Accurate determination of a human body pose in 3D space is highly important for applications in the motion capture industry (3D avatars, animation, cinema production), healthcare (rehabilitation, gait analysis), augmented reality (AR), and virtual reality (VR). Having access to affordable, low-power consumption, and wireless systems will greatly promote progress in the abovementioned fields.

This task requires reliable orientation determination of wearable devices in 3D space. This is achieved by employing Inertial Measurement Units (IMUs) as hardware base. The sensor fusion algorithm based on the Kalman filter, combining accelerometer and gyroscope data, provides relative orientation data in the form of Euler angles or quaternions.

Using orientation data has the advantage of high relative orientation precision in 3D space and low power consumption on the order of 3 mA (2.68-3.44 mA, depending on the number of devices). Combined with the star-shaped architecture of the Smart Connected Sensor (SCS) network (see FIG. 1) and the use of Bluetooth low-energy (BLE) connection to the end user, the proposed system provides mobile and accurate quantitative data generation and analysis.

Current drawbacks of mobile motion capture systems are constraints on the mounting orientation of the devices on the body parts and time- or movement-dependent drift of the orientation information when no magnetometer sensor is used. Therefore, calibration of the sensors' orientation and drift compensation routines are required.

The present invention provides a mounting and drift correction routine for the network of SCS wearable devices in 3D motion tracking.

SUMMARY

The present invention relates to a method for calibrating a plurality of wearable inertial measurement units. According to an example embodiment of the present invention, the method comprises the following steps:

• • (A) Align a plurality of wearable inertial measurement units with respect to a heading direction;
  • (B) Initialize the coordinate systems of the wearable inertial measurement units;
  • (C) Assign each wearable inertial measurement unit to a movable part of a body;
  • (D) Mount each wearable inertial measurement unit to the respectively assigned movable part of the body;
  • (E) Arrange the movable parts of the body in a prescribed manner;
  • (F) Perform a mounted state calibration for each wearable inertial measurement unit.

The present invention provides calibration routines for mounting and drift compensation of IMU orientation in 3D space which is suitable to provide a reliable 3D avatar visualization. Predefined calibration poses allow the remapping of coordinate systems for each device to offer one-to-one 3D avatar visualization and data, which can be directly employed for quantitative data analysis. Further ideas of pose detection and translational movement prediction based on quaternions are disclosed.

The calibration of the SCS mounting is based on the fact that the heading direction of the avatar is defined by the startup procedure, where all devices are aligned with the chosen heading direction.
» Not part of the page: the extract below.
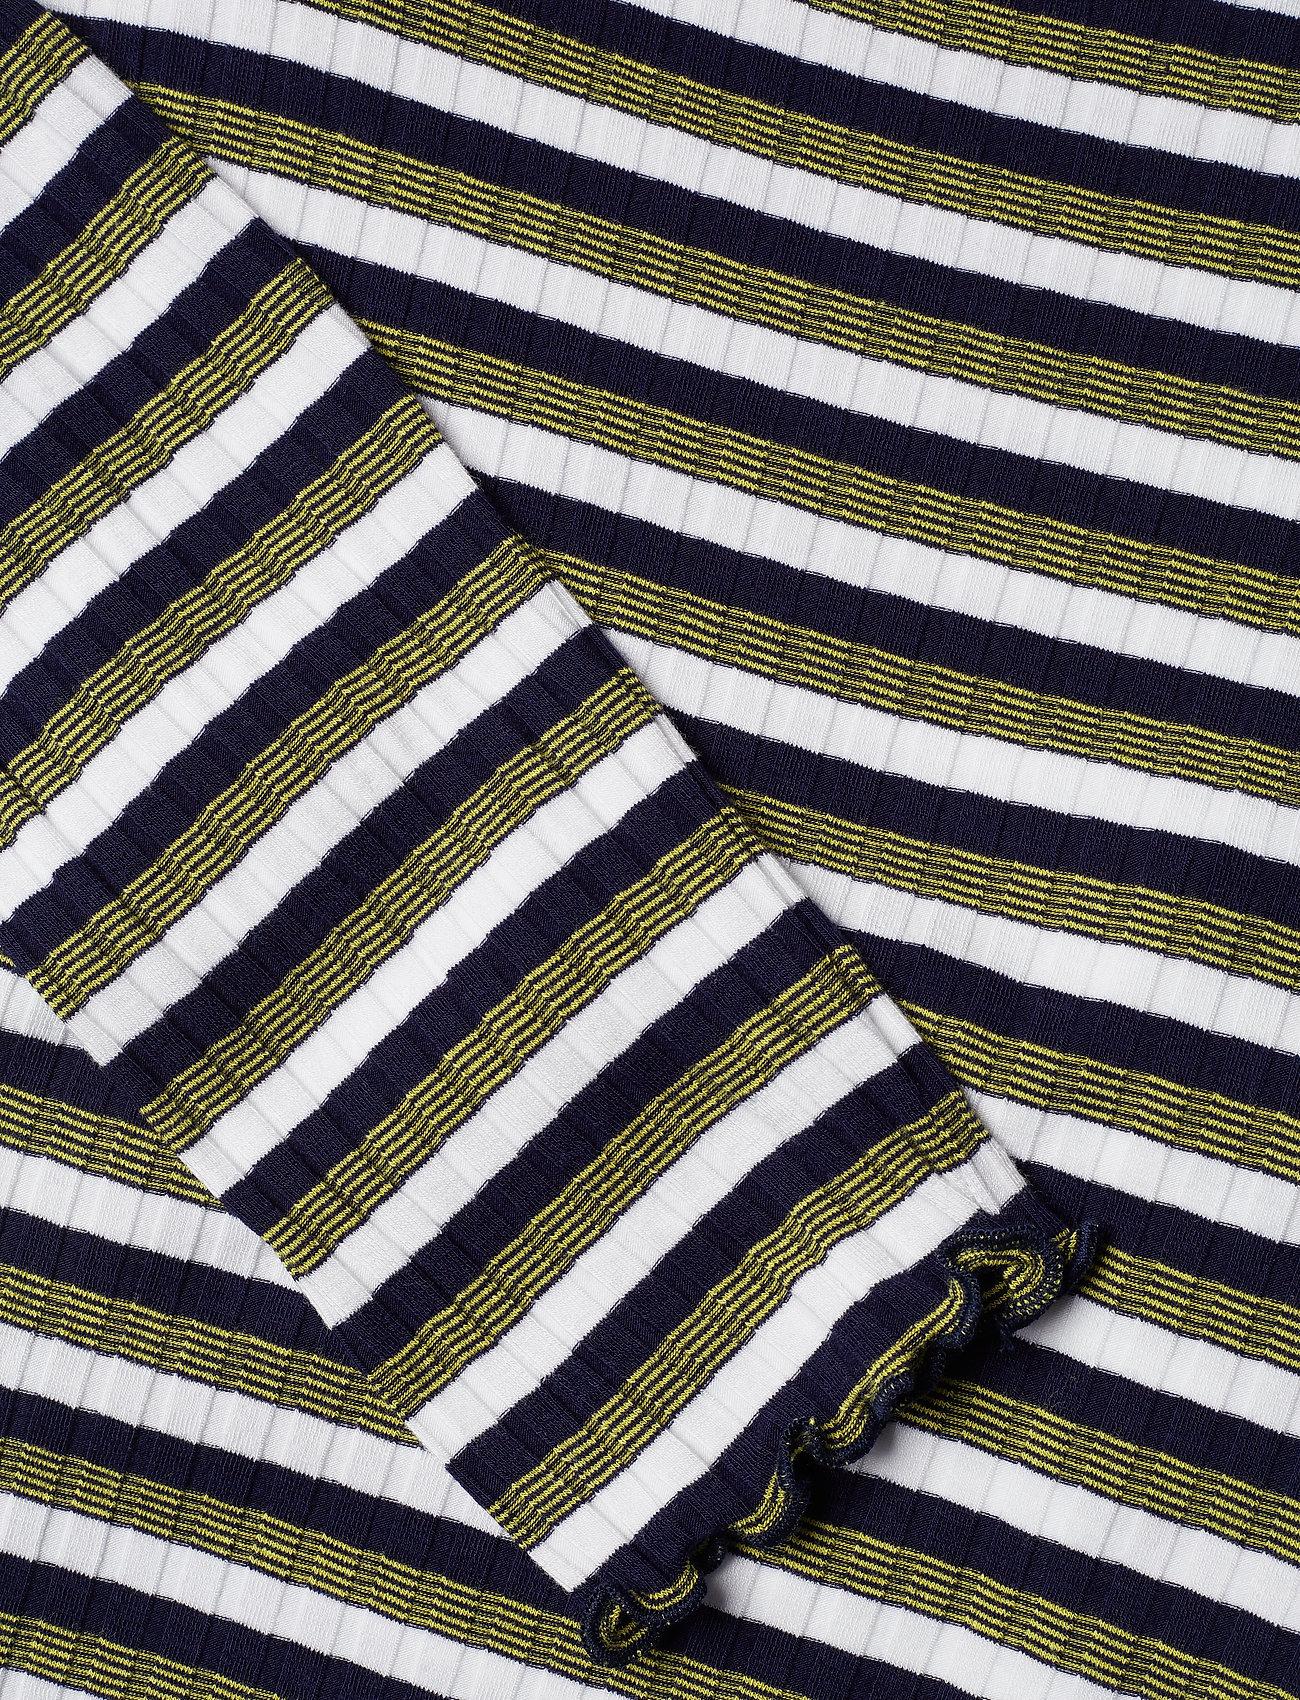 5x5 Happy Stripe Trutte S (Navy Multi) (480 kr) - Mads Nørgaard

The orientation drift of sensors is corrected when the mounting calibration of the devices is known. This two-step procedure allows to run 3D avatar applications non-stop for extended periods of time.

An example embodiment of the present invention provides that in step A, the plurality of wearable inertial measurement units is aligned by placing them in a common receptacle unit. Advantageously, this mounting device, for example a box, ensures that the IMUs adopt a specified orientation and position in relation to the heading direction.

An example embodiment of the present invention provides that step G is repeated after some time to compensate for a drift of orientation. An advantage of repeating the calibration is that the drift is recognized and compensated for in the future as well. This means that calibration has to be carried out less frequently.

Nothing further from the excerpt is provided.